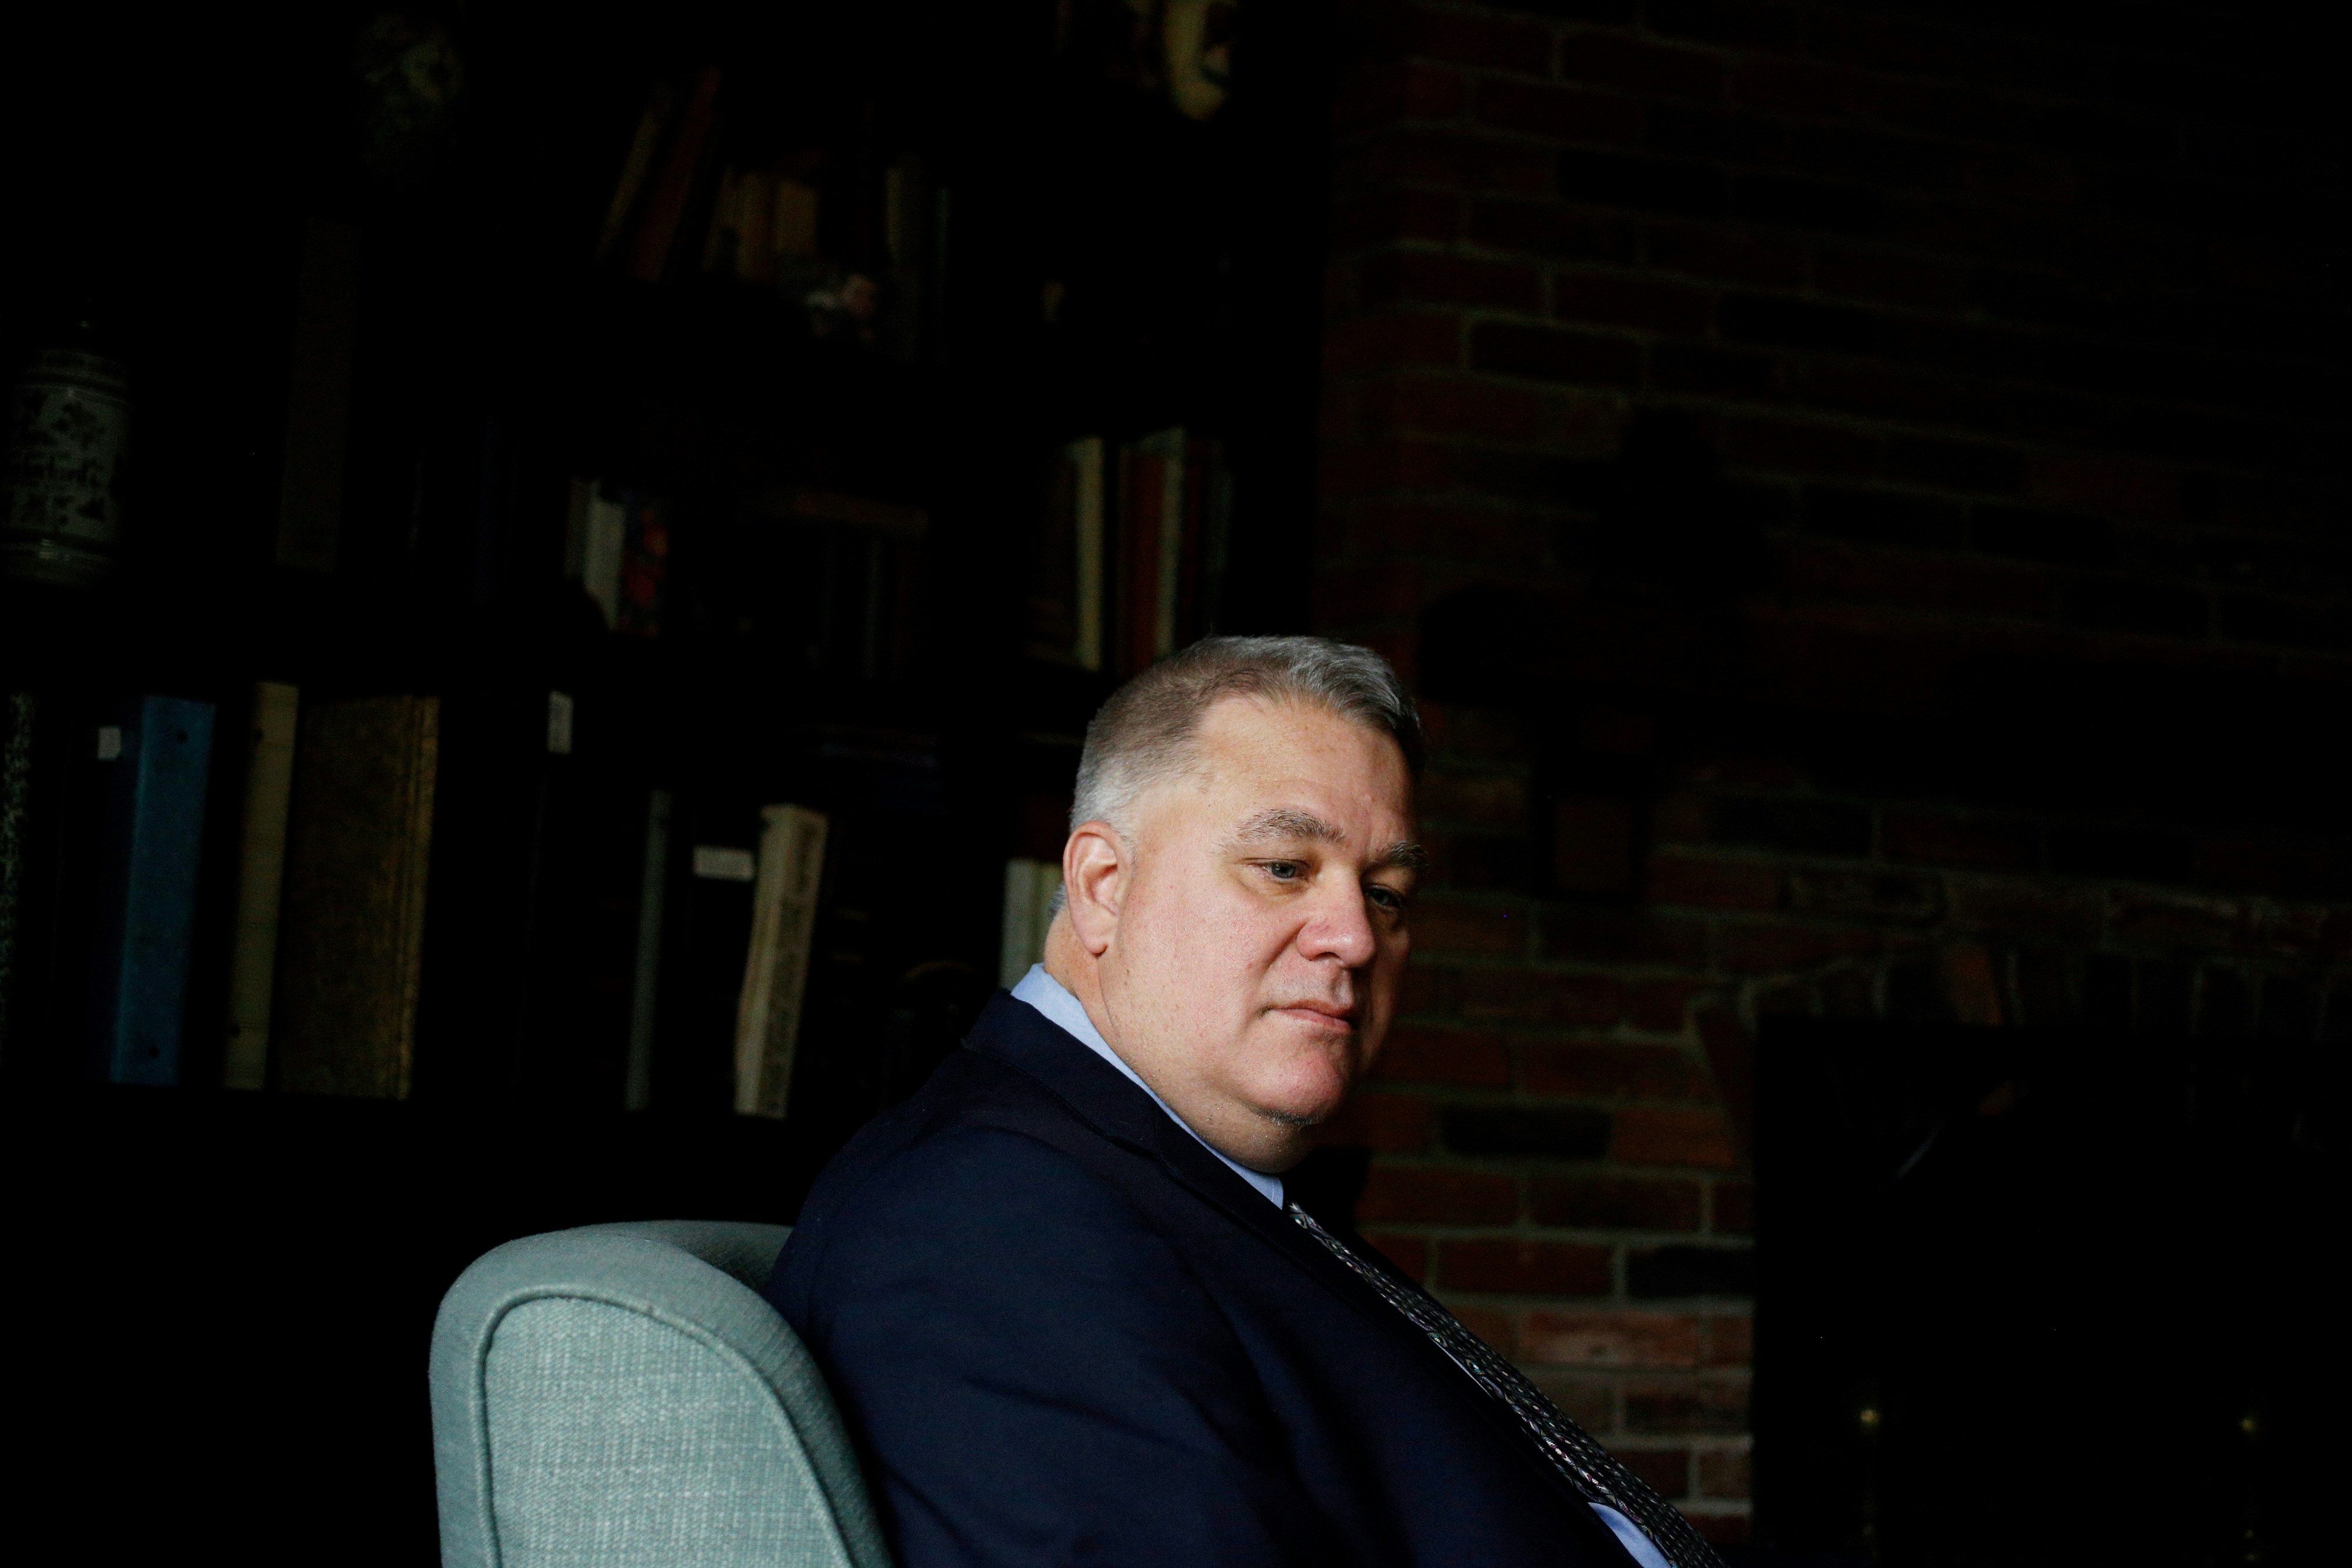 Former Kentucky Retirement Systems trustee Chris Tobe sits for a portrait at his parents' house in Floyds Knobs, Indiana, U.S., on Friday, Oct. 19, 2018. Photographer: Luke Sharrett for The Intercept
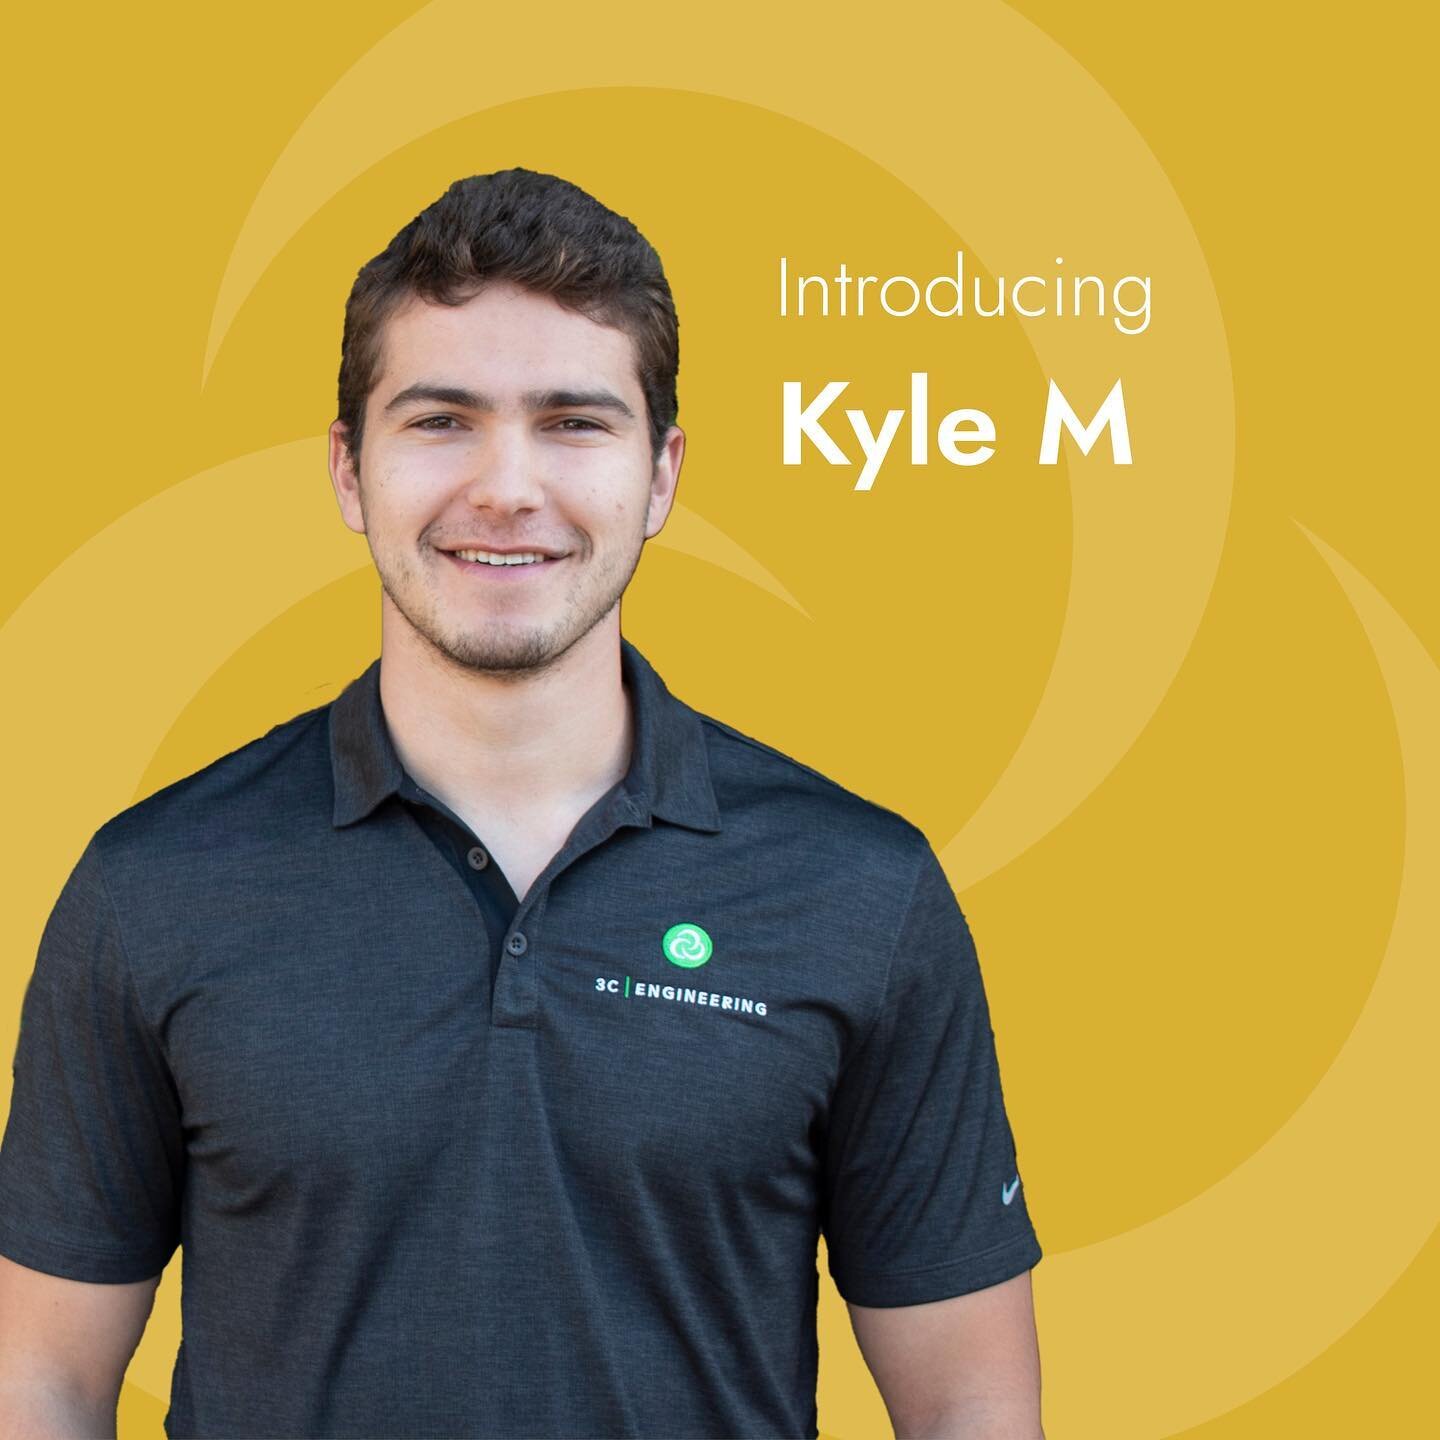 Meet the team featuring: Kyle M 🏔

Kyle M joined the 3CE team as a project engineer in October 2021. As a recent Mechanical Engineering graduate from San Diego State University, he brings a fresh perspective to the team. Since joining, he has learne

● ● ●

> _DESCRIPTION OF THE TASK_
Extract, word for word, every line from the one holding "Meet the team featuring: Kyle M 🏔" through the closing line of the data above. Do not include any pictures.

> _RESULT_
 Meet the team featuring: Kyle M 🏔

Kyle M joined the 3CE team as a project engineer in October 2021. As a recent Mechanical Engineering graduate from San Diego State University, he brings a fresh perspective to the team. Since joining, he has learne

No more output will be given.